Real life.
That's what I have been stepping in all morning. That's what I am about to stick my hand into right now.
The vet, a stooped-shouldered, gray-haired, bespectacled man who looks as though he's lived through four and a half decades of cow palpating and castrating, orders me to put on a glove. When it comes to doing things that make me nervous or scared, I'm not much of a pushover; I have no qualms about saying "no" if I feel uncomfortable. But when Doc tells me to put on the shoulder-length glove, I find I can't disappoint him. He says everyone should palpate a cow, or feel an unborn calf, at least once.
With a shoulder-length glove on.
Palpating the female cow means the vet puts his or her hand into the anal cavity of the bovine, reach into the uterus and check for a fetus, or in the case of the cow I am about to palpate, a seven-month bred unborn calf.

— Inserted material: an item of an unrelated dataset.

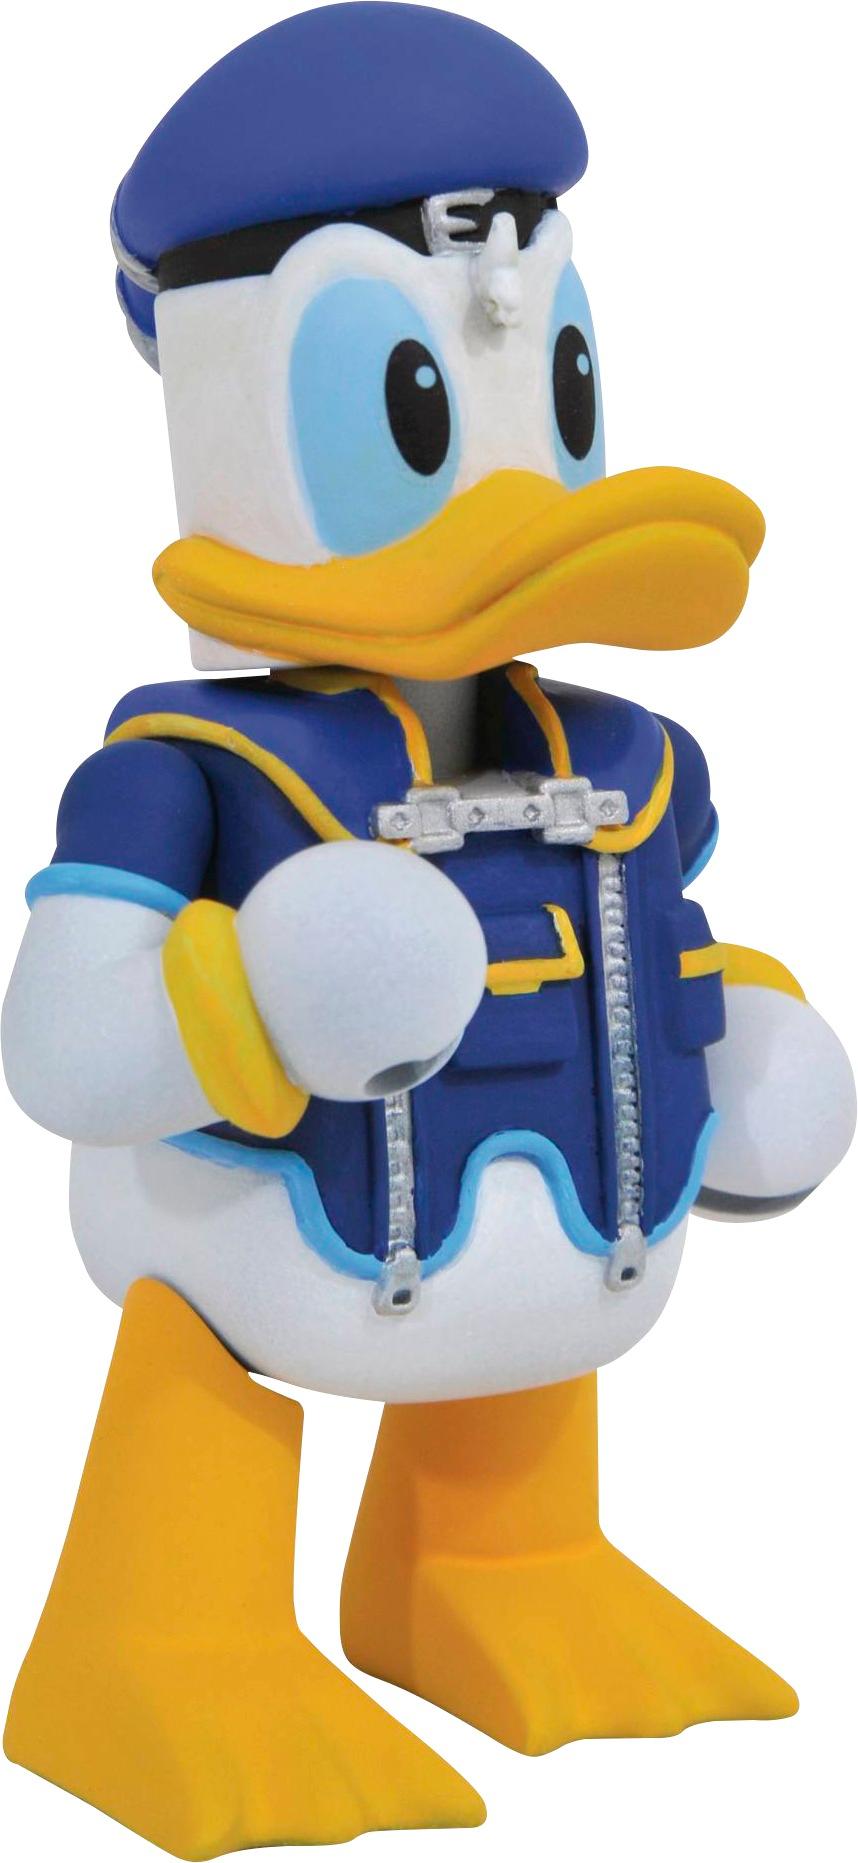 Diamond Select Toys - Kingdom Hearts Vinimates Donald Duck - Yellow, Blue

After squirting liquid dish soap on my glove (worn on my left hand, even though I'm right-handed, per Doc), I eye up the back end of my patient. She is quiet and docile. Doc has already palpated her and learned she is not only sweet-tempered, but my last chance to do this, since she's the last cow in line. I stand directly behind her and mentally prepare myself. My conversation earlier with Doc goes through my mind:
"What happens if, when your hand is inside, she decides to poop?" Cows are not known for holding their bowels. In fact, I had gotten a picture earlier of a calf who got too close to his mother's hind end. I've seen cows go anywhere, any time, no matter who or what was under them.
With a completely straight face, Doc answered me. "You gotta be quick."

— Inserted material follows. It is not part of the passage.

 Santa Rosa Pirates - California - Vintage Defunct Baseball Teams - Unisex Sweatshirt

So said the man who is now covered from the waist down with bovine excrement. And he still has to drive home.
I take hold and move her tail to the side with my right hand and press into the anal hole with the other. I know I'm making a face because the others are laughing at me. Especially because my left hand isn't going anywhere.

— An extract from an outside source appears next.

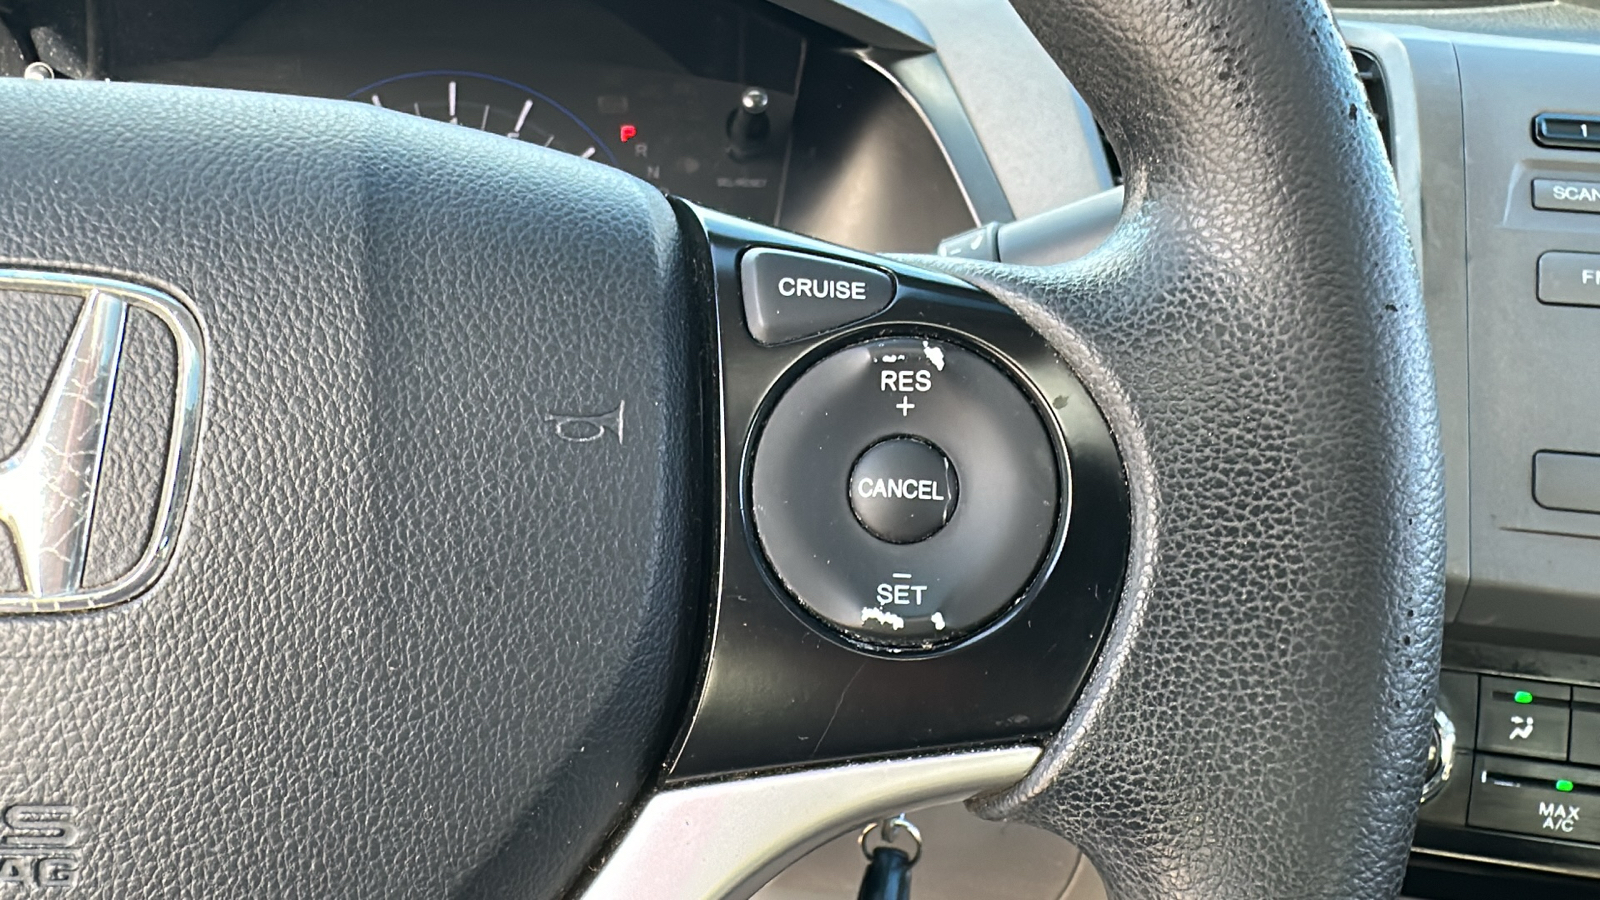 2012 Honda Civic EX 19

"You gotta push harder." I think Doc might be laughing at me, too, but it's hard to tell. So maybe I'm a bit tenative in my reach. I have no desire to be kicked by a cranky cow who has every right to be, considering what I'm attempting. The cow backs away from me and I grit my teeth. Remind me again why everyone has to try this? I want to ask this out loud but I'm afraid to be lippy with a man who puts his hand in cows for a living.
Her muscles are contracting around my wrist. I am completely focused on the odd sensations.
"Do you feel it? Are you in there? The hoof is right there." Doc is shooting rapid-fire questions at me. How do I know if I'm "there"? Pressing my hand down I feel bone. All I can picture is a restaraunt commercial with rotating ribs over the barbie.
I press my arm in further and I feel a lump. I make a shocked face and I see a flash. Great. They are now taking pictures of me with my arm elbow deep in the back end of a side of beef.
"Do you feel it now? Try to grab the hoof." Doc is talking to me through the side of the chute. I nod my head, pray I'm not grabbing a lung or a bladder and reach for the lump. It's round and immediately pulls back. The cow pulls back, too, and I take my hand out. I laugh in sheer delight--I just touched an unborn calf!
Everybody should try it.
Now I want to experience that too, like James Herriot! Lucky you!